Good user experience (UX) in online and offline retail shopping matters. A poor experience can poison the well, and people simply will not go back, especially if they have functional, sexier alternatives. Another dimension of this, of course, is that paid and owned media are losing influence. Customers talk to each other a lot, and not about brand attributes that marketers talk about. They talk about their experiences, and these experiences cover all aspects of the journey. To fit seamlessly into consumers’ lives, users’ experiences must be mapped, measured, and elegantly designed.
Unless you’ve been under a rock for the last 20 years, it is no surprise that the shopping experience has morphed in ways that are almost non-recognizable. Today, Connected Consumers can ask Echo (a wireless speaker and voice command device from Amazon) to send them a new bag of kitty litter in three seconds. I can go into a store and pay for a pile of groceries by tapping my card. Using an image recognition app, I can order a bottle of wine online. Suffice to say that it seems that almost any product I can think of, I can acquire using multiple types of technology and media.
Why UX is an integral part of omnichannel shopping
The confluence of research and design skills needed to develop a seamless omnichannel shopping experience involves not only the market researcher and shopper insights teams, but the UX team as well. Increasingly, retailers must establish ‘ecosystems’ that support the shopping experience from all angles. These ecosystems involve having customers do multiple things: Download apps, register, buy and install new hardware, learn new gestures, and much more.
What I’m driving at here is that getting the product properly positioned in its respective category and understanding how to reach the market are necessary – but no longer sufficient – for success. We know from our GfK Consumer Life data that customers are no longer just buying a product, they are buying an experience.
I mentioned Echo above. In the past, configuring a device to a home network was tedious at best. Echo is an amazing out of the box experience with a beautiful package, simple instructions, and flawless installation.
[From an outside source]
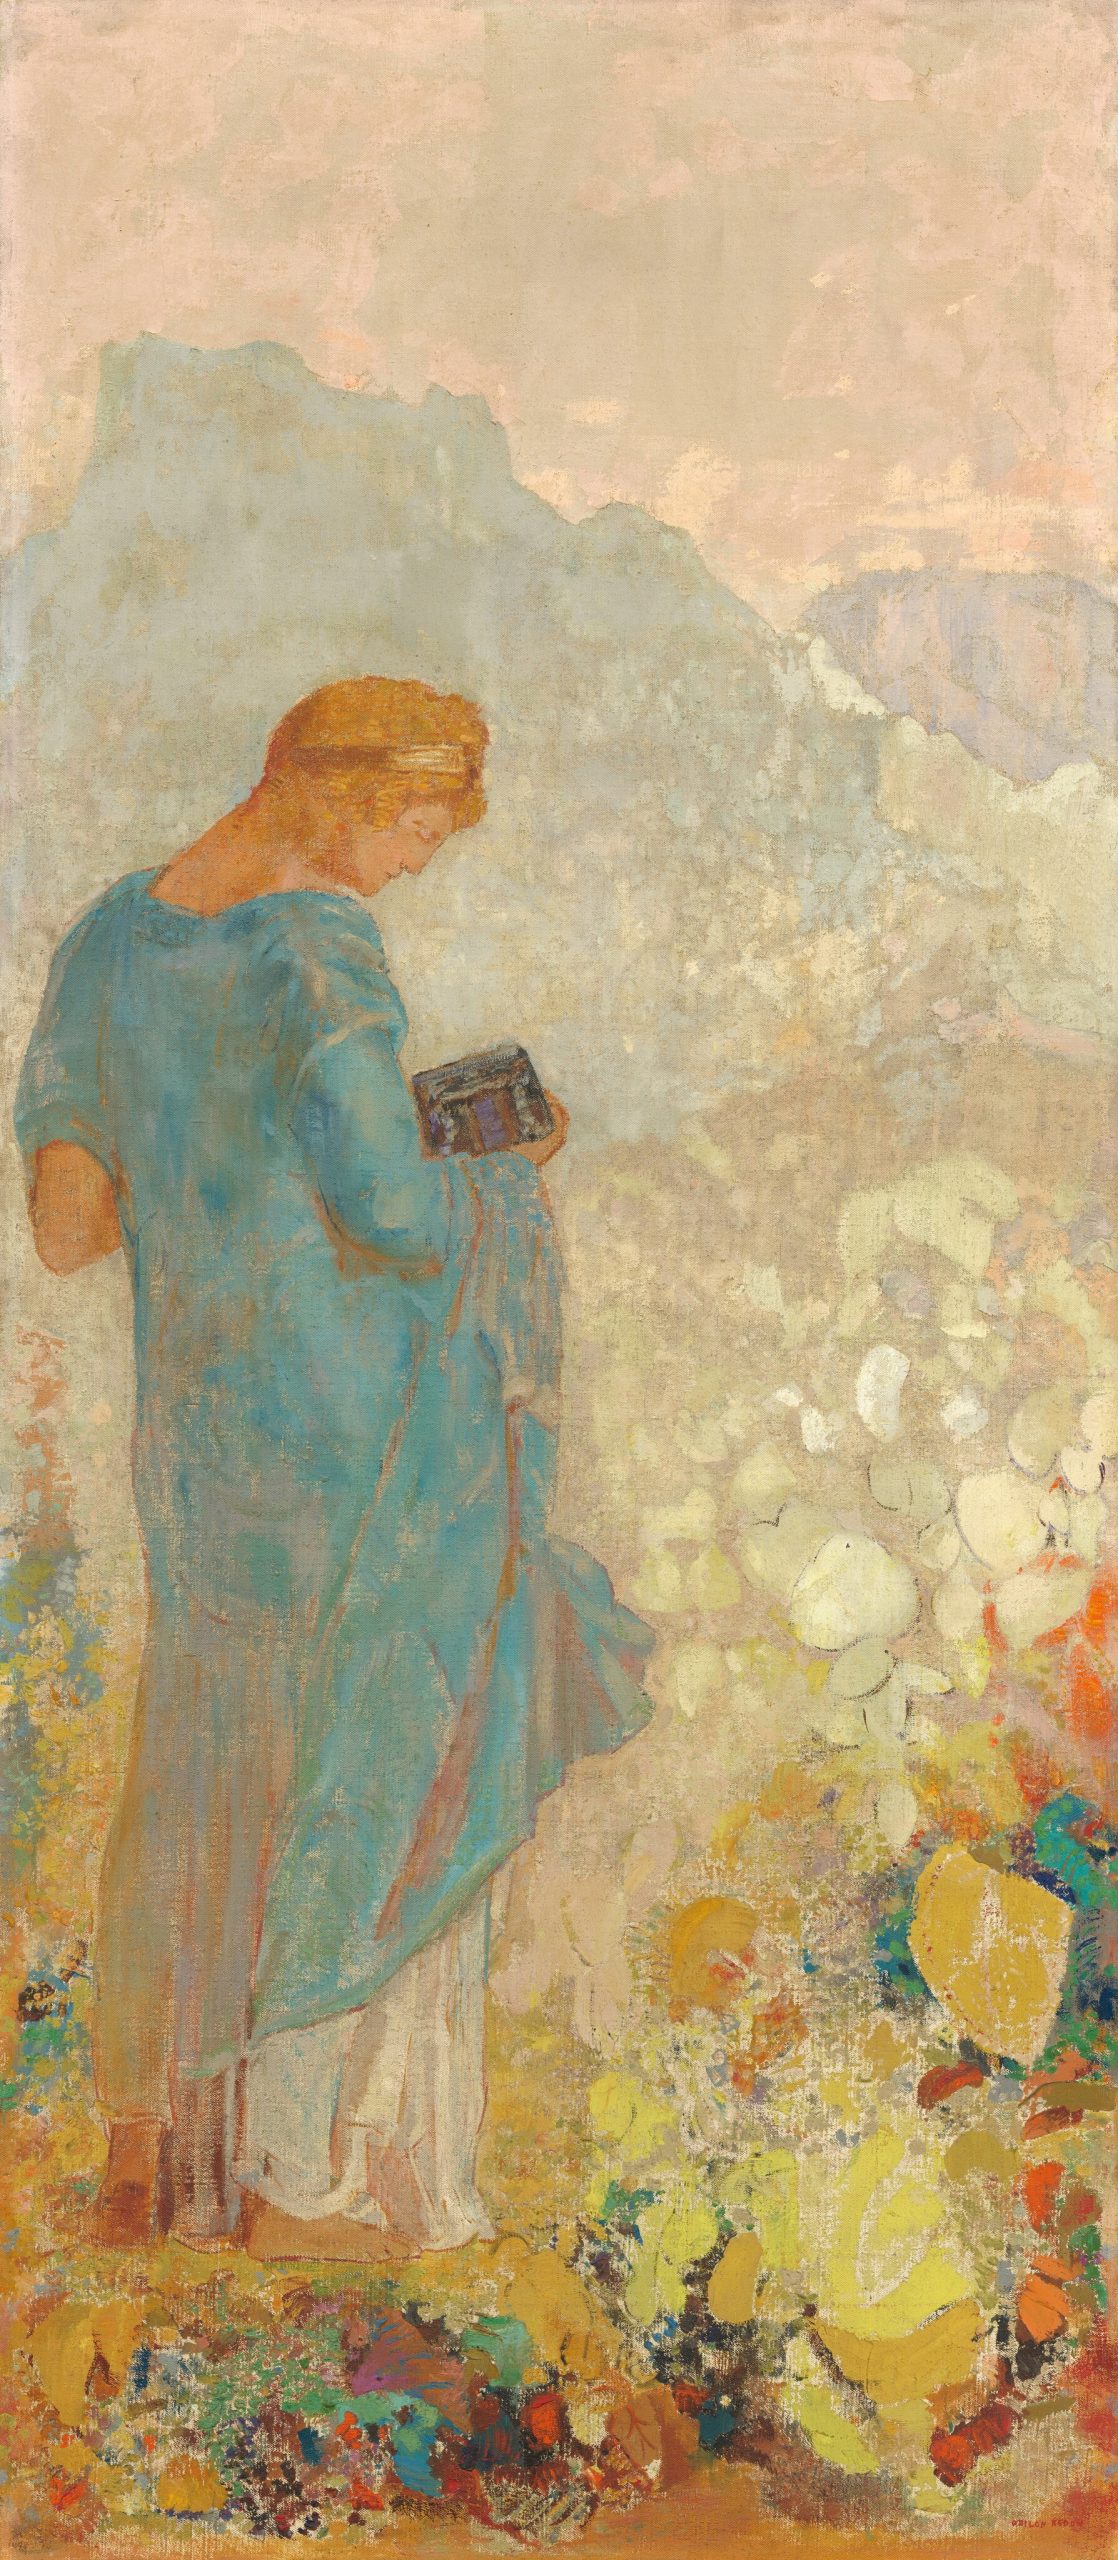 A pale-skinned young woman with copper-orange hair, wearing a turquoise-blue robe, stands in a pastel-infused landscape in this stylized, vertical painting. The woman fills most of the left half of the composition.

These experiences do not come easy. They come with a lot of UX research to ensure that the once tedious task is now a pleasant one. I’m guessing Amazon understands that without perfecting this part of the purchase journey, they would have thousands of ‘no trouble found’ Echos sitting in a warehouse ready to be resold at a discount.
Successful retailers understand the new reality of the omnichannel consumer, and know that the ‘whatever, whenever’ culture demands that user experience is seamless across all devices. If retailers don’t understand this, customers will simply delete their app and move on.